4.4, calculating indexes of a criterion layer, namely the activity of a user, the value of the user and the loyalty score of the user;
and 4.5, repeating the method of the step 4.2-4.4, calculating the customer rating of the target layer, and finishing user grading according to the score.
The business bank customer rating method based on the analytic hierarchy process and the RFM model is specifically represented as follows in the user rating process: classifying users into active users, inactive customers, sleeping customers and attrition customers according to the model scores of the active aspects of the users; classifying the users into potential customers, loyalty customers and decline customers according to the scores of the users in terms of loyalty; according to the model score in the aspect of user value, dividing the user into a low-value client and a high-value client; meanwhile, according to the scores of the hierarchical analysis model in the aspects of user activity, user loyalty and user value, the users are graded in multiple levels, and a differentiated marketing strategy can be carried out.
The user rating method for expanding the requirements of specific marketing scenes and marketing targets mainly comprises the following steps: layering according to a user purchasing decision mode, and classifying users into impulse purchasing type, repeated hesitation type and rational comparison type; and classifying the users into activity sensitivity type and activity insensitivity type according to the sensitivity hierarchy of the users to the marketing activities.

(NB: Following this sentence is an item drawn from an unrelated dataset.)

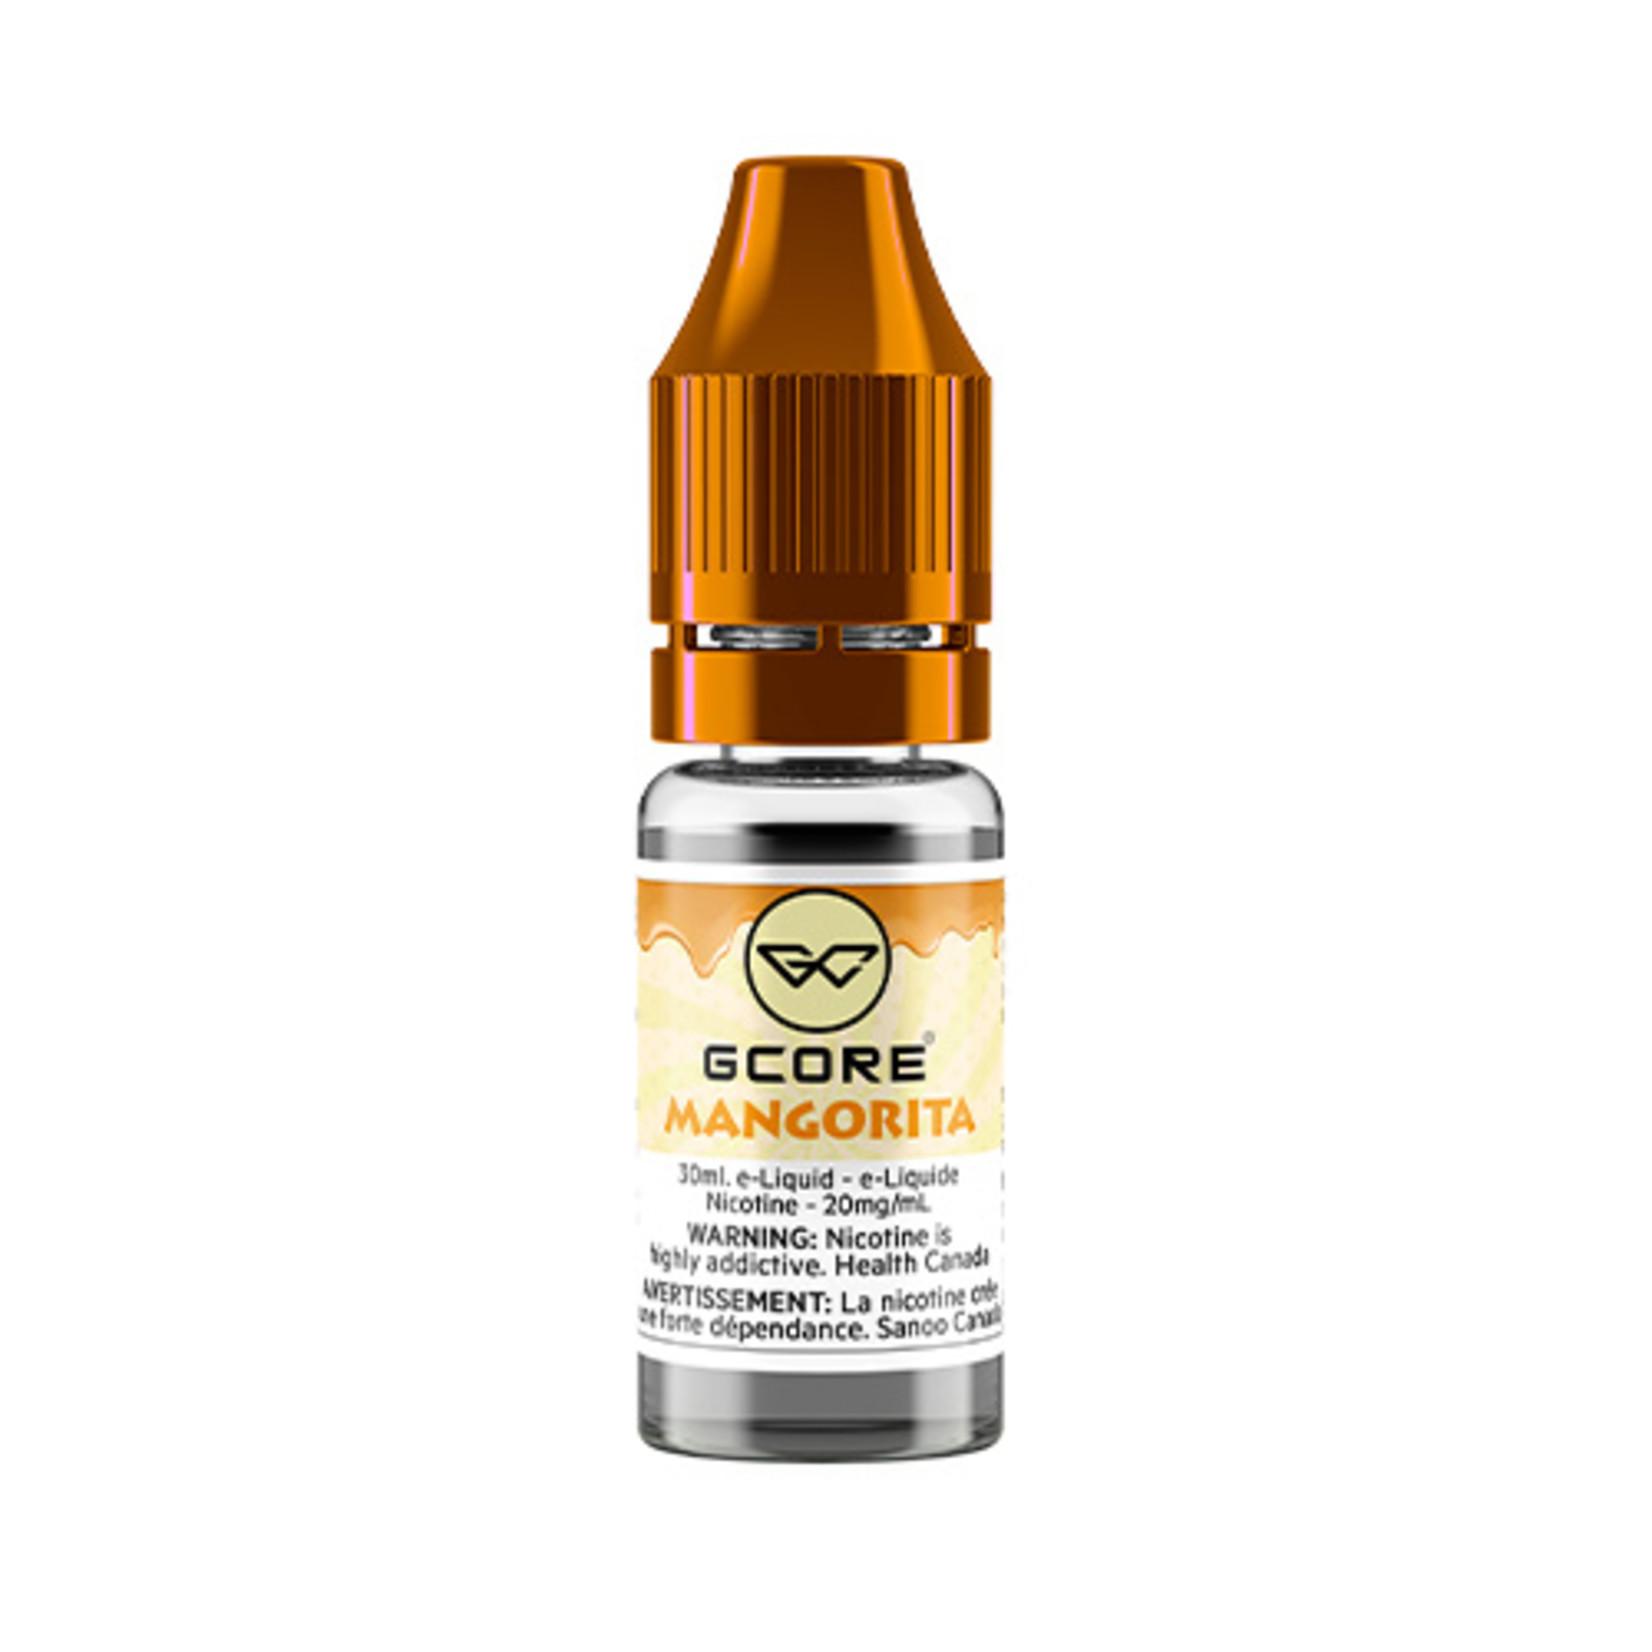 Gcore Vape Mangorita Juice

The invention also provides a commercial bank customer rating device integrating the analytic hierarchy process and the RFM, which comprises the following implementation processes:
the target layer and criterion layer module is used for determining a target layer and a criterion layer, the target layer is used for grading the user, and the criterion layer is divided into three aspects of user activity, user loyalty and user value;
the system comprises a user data set module, a data processing module and a data processing module, wherein the user data set module is used for collecting user data sets in three aspects of user activity, user loyalty and user value;
the cleaning module is used for cleaning data in the user data set module;
the grading module is used for respectively constructing scheme layer indexes of three criteria of user activity, user value and user loyalty by utilizing an RFM (remote sensing module); confirming scheme layer index weight based on an analytic hierarchy process, outputting a criterion layer index result, determining the criterion layer index weight, and outputting a grading rating of a target layer client;
and the marketing module finishes the formulation and popularization of the differential marketing strategy or activity based on the grading rating of the target layer customers.

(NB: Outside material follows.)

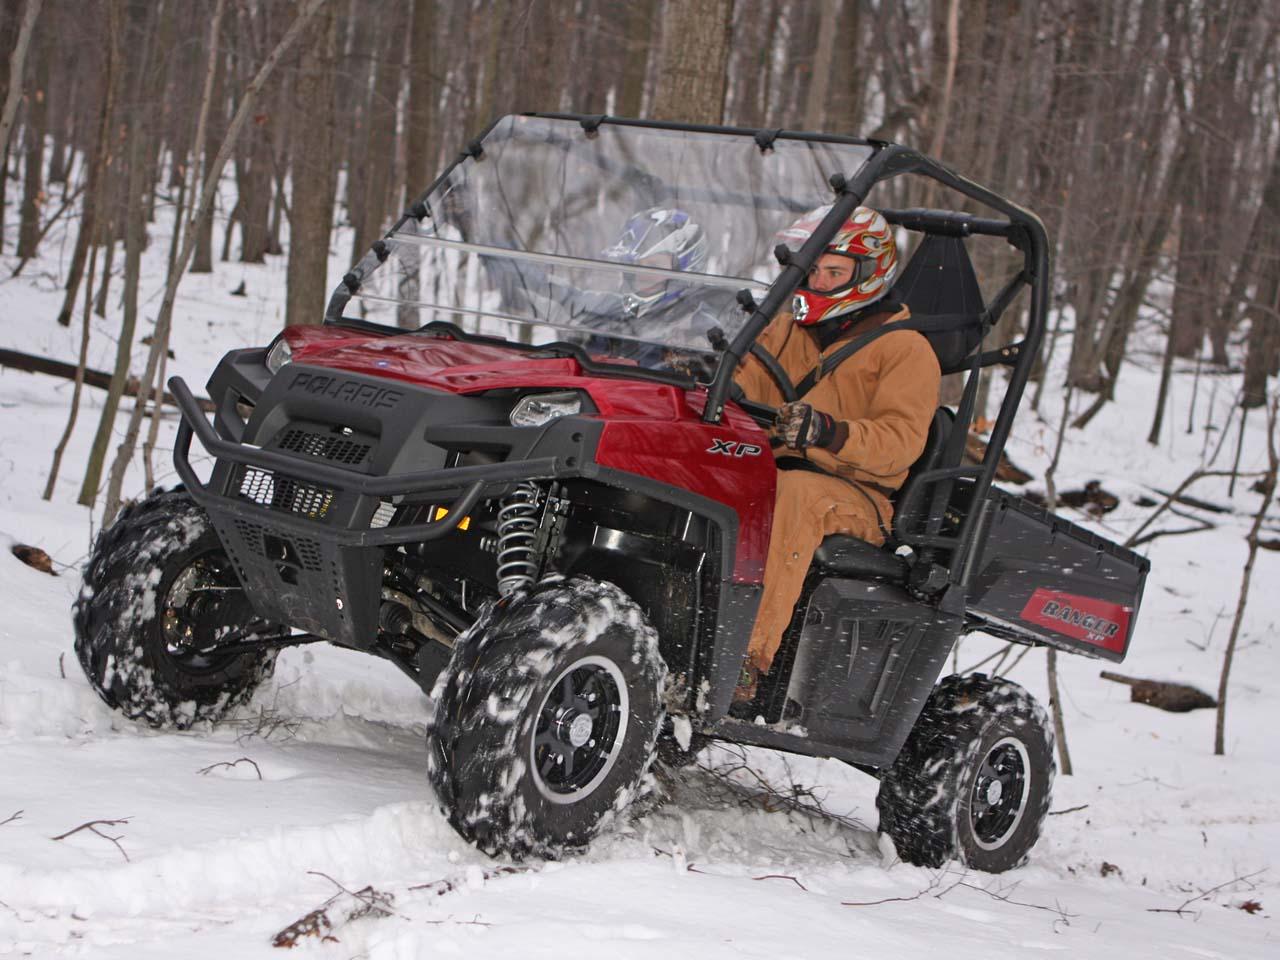 2010.polaris.ranger-xp.seizmik.versa-shield.red_.front-left.riding.on-snow.jpg

In the above technical solution, the user data set used includes four parts:
the first part is basic attribute data of the user;
the second part is user behavior data which is trace data in the process of operating the APP by the user;
the third part is user transaction data, including payment data of the user's off-line scene, data of user's transaction deposit and loan products;
the fourth part is that the user redeems the points for the recorded data.

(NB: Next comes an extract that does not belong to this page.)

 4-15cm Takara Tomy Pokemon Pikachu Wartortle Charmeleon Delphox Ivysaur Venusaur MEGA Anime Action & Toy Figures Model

In the above technical scheme, in the cleaning module:
step 1, acquiring all required data by using an SQL query statement, and loading the data by using Python;
step 2, carrying out variable exploration on the data, analyzing statistical values of variables, carrying out missing value filling on the variables by combining the service characteristics of the variables, and deleting repeated data;
step 3, constructing the characteristics required by the model, including the numerical processing of the classification variables, the discretization processing of continuous variables, and the derivation of new variables which accord with business logic through variable intersection and synthesis;
optionally, smoothing (including log function transformation, Box-Cox transformation, etc.) is performed on the variables of the long-tail distribution.
And 4, carrying out non-dimensionalization treatment on the data obtained in the step 3 to obtain standardized data, wherein the selectable method comprises dimension treatment with practical significance and dimension treatment with physicochemical property.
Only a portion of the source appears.